ABSTRACT
Most maternal and newborn deaths in low-income countries, including Rwanda, are attributable to preventable causes. Timely access to Basic Emergency Obstetric and Newborn Care (BEmONC) guidelines to support clinical decisions could lead to better obstetric care thus reduction of maternal and newborn deaths. Besides, innovative methods such as the usage and reference to healthcare guidelines using mobile devices (mhealth) may support clinical decision making. However, there is little evidence about mhealth that focuses on the clinical decision support process. This proposal aims to investigate the effect of the Safe Delivery mhealth Application(SDA) on nurses’ and midwives’ clinical decision making, so as to inform mhealth interventions for work in specific contexts. The study adopts a quasi-experimental design. Convergent parallel mixed – methods will be used to collect, analyze and interpret data. A pre-intervention assessment of the BEmONC outcomes: Apgar score and PPH progressions, and related knowledge, skills, and perceptions of nurses and midwives will be conducted. The intervention will take place in two district hospitals in Rwanda and entails the implementation of the SDA for six months.

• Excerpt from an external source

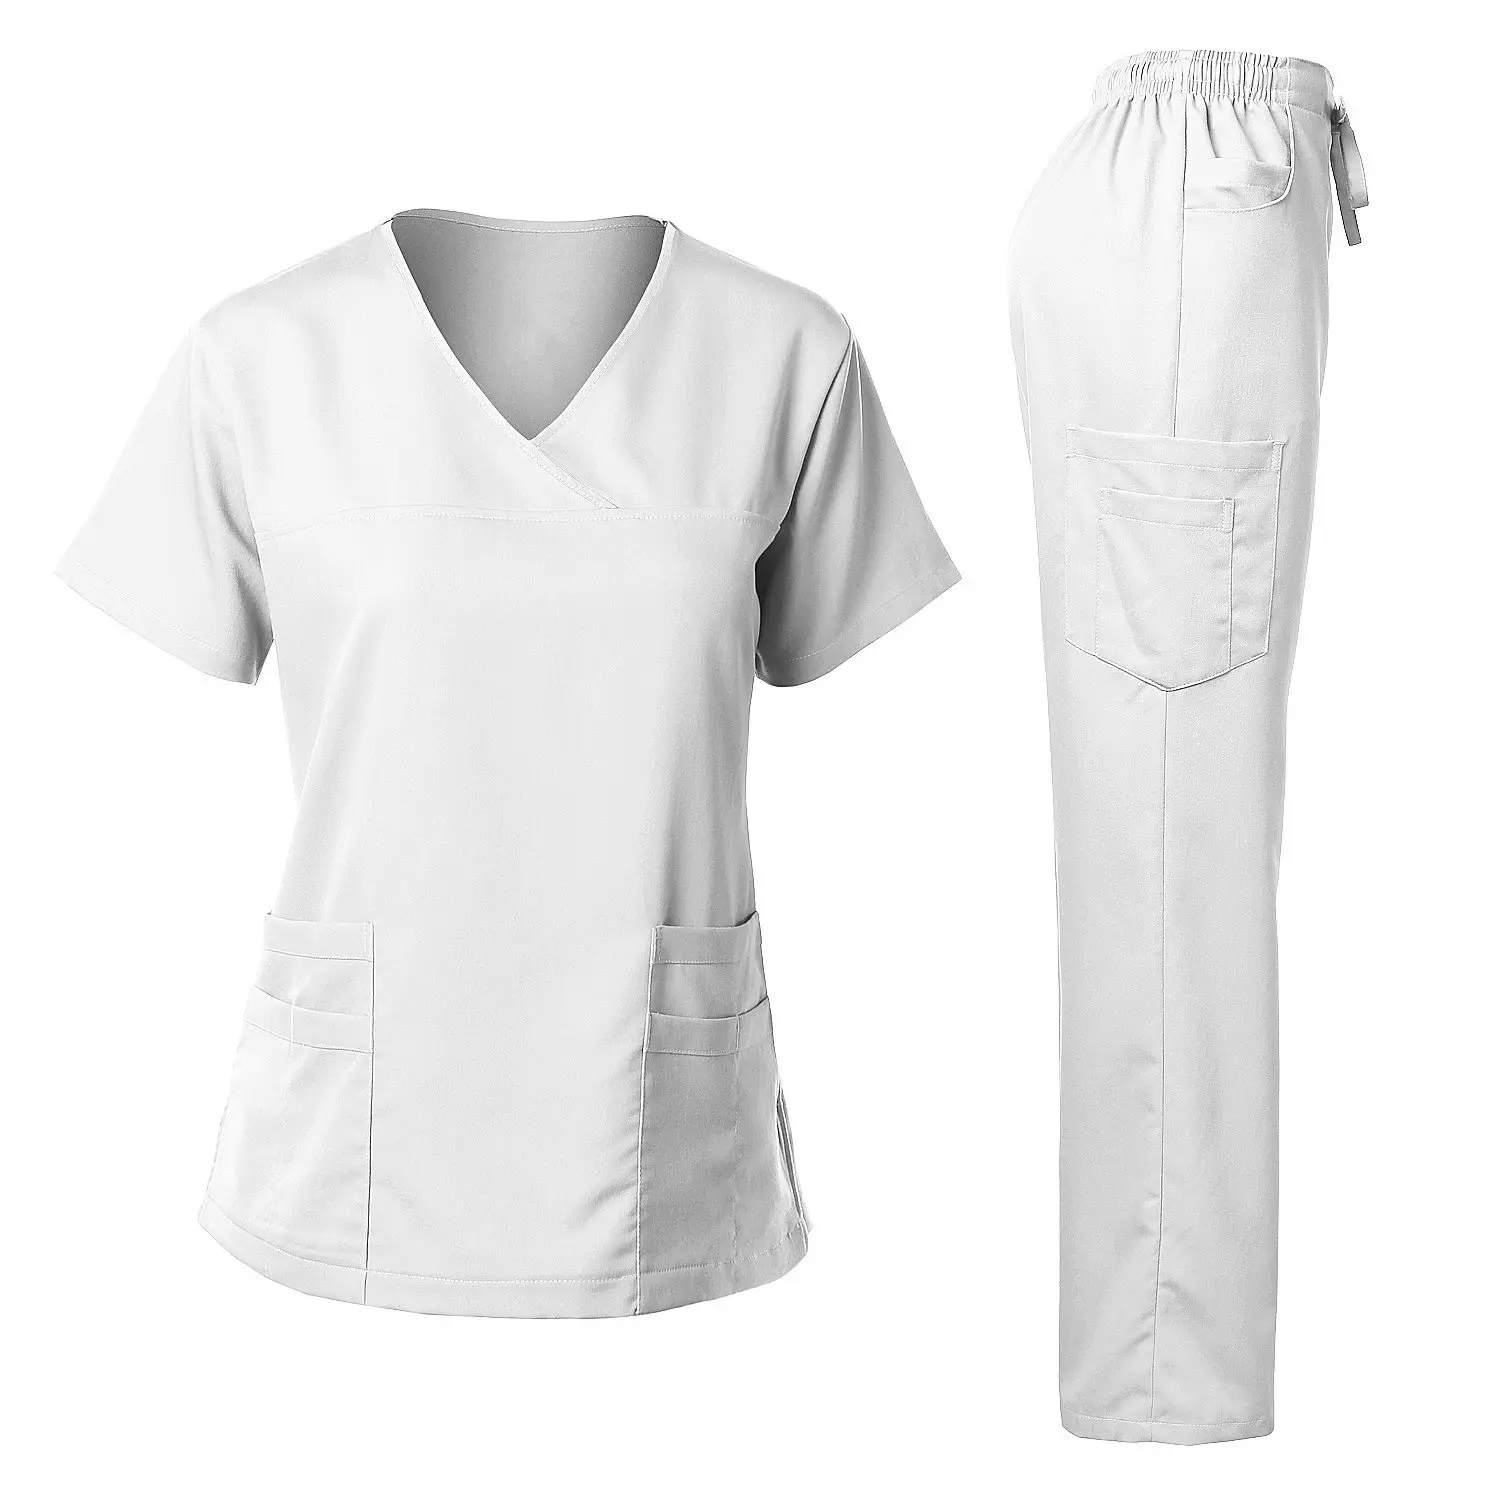 Scrub medico che allatta Jogger infermiera uniforme da ospedale donna Top Scrub Suit

Six months’ post-intervention, the effect of the SDA on BEmONC outcomes and the nurses’ and midwives’ knowledge and skills will be evaluated.
Abbreviations
BEmONC | = | Basic Emergency Obstetric and Newborn Care |
mhealth | = | Mobile Health |
SDA | = | Safe Delivery mhealth Application |
PPH | = | Post-Partum Hemorrhage |
NR | = | Neonatal Resuscitation |
MNCH | = | Maternal Newborn and Child Health |
WHO | = | World Health Organisation |
UNICEF | = | United Nations International Children’s Emergency Fund |
UNFPA | = | United Nations Population Fund |
LMICs | = | Low- and middle-income countries |
ICT | = | Information, communication, technology |
SAQs | = | Self-Administered questionnaires |
FGD | = | Focus Group Discussion |
KII | = | Key Informant Interview |
Acknowledgments
We would like to thank the Consortium for Advanced Research and Training (CARTA), The Ministry of Health, Rwanda and The Maternity Foundation.
Authors’ contributions
AN, DNC, MN and LI were involved in the conception and design of the study. AN drafted the manuscript. DNC, MN, and LI reviewed the manuscript. All authors read and approved the final manuscript.

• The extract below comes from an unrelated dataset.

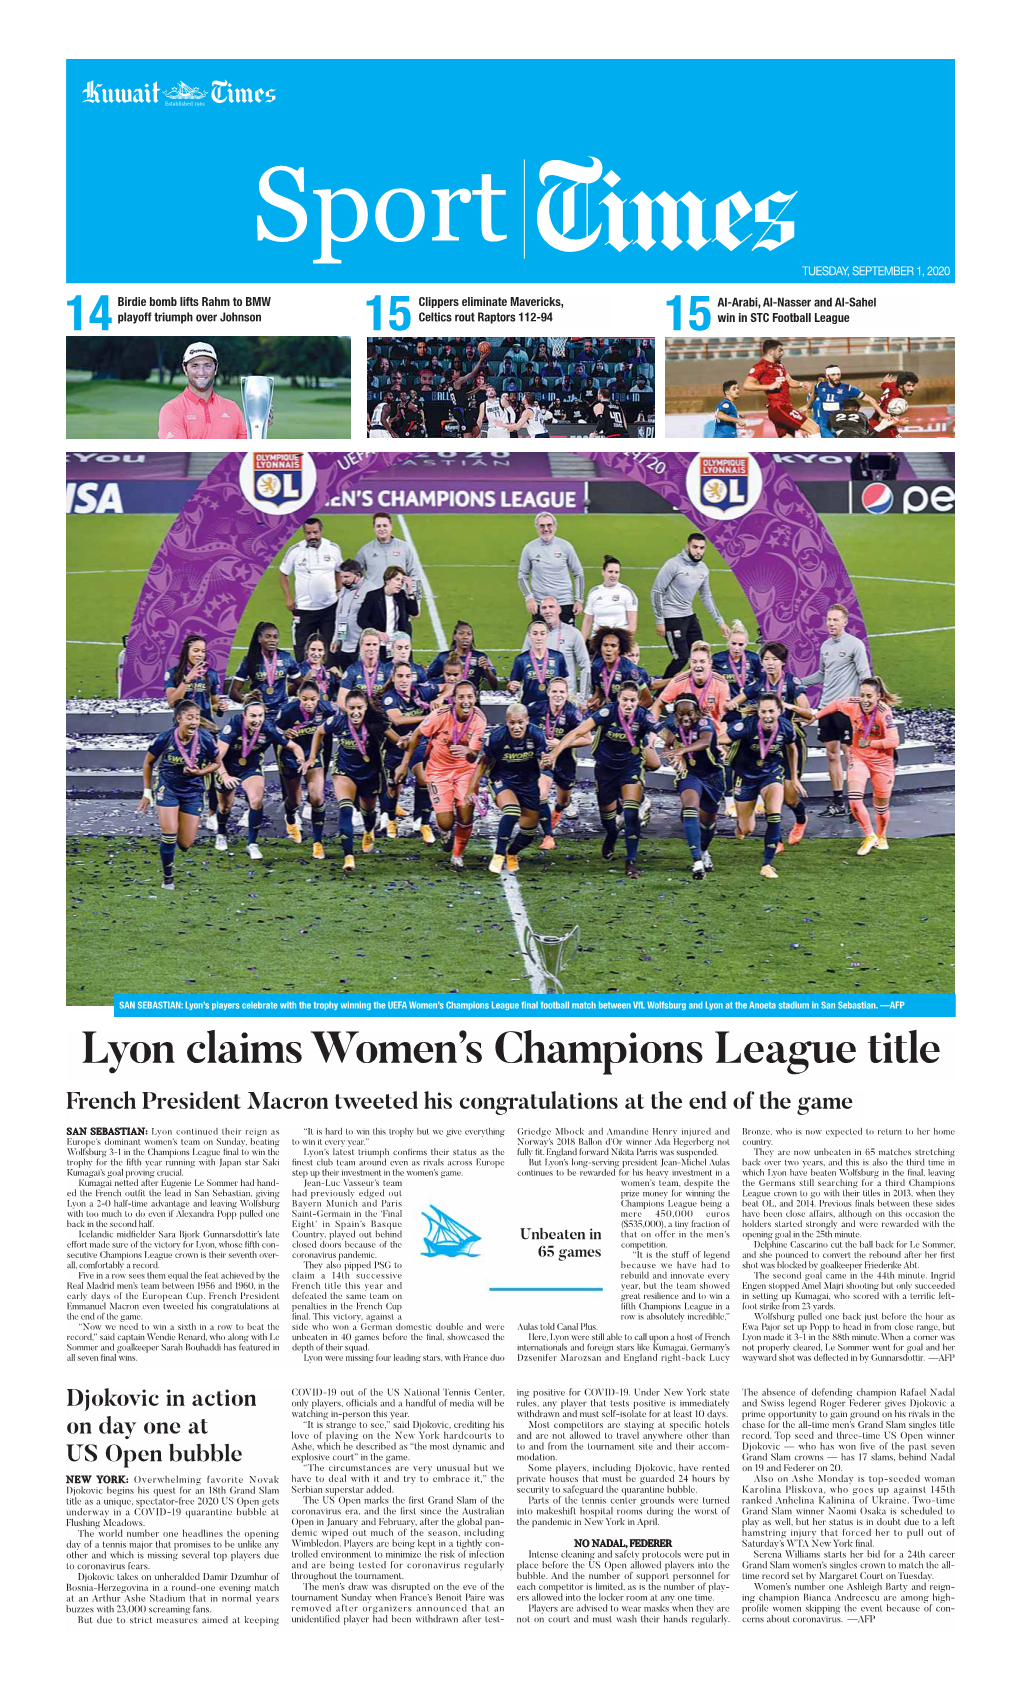 Lyon Claims Women's Champions League Title

Availability of data and materials
This article is a research proposal. The dataset generated for some of the phases of the study has not been analysed but will be made available from the corresponding author on reasonable request.
Consent for publication
Not applicable.
Disclosure of interest
The authors report no conflict of interest.
Ethics approval and consent to participate
This study has been approved by the Human Research Ethics Committee of the University of the Witwatersrand (M190258) and the University of Rwanda, College of Medicine and Health Sciences’ Institutional Review Board (No.377/CMHS IRB/2018). Permission has been granted by the hospitals. Written, informed consent will be obtained from all the participants.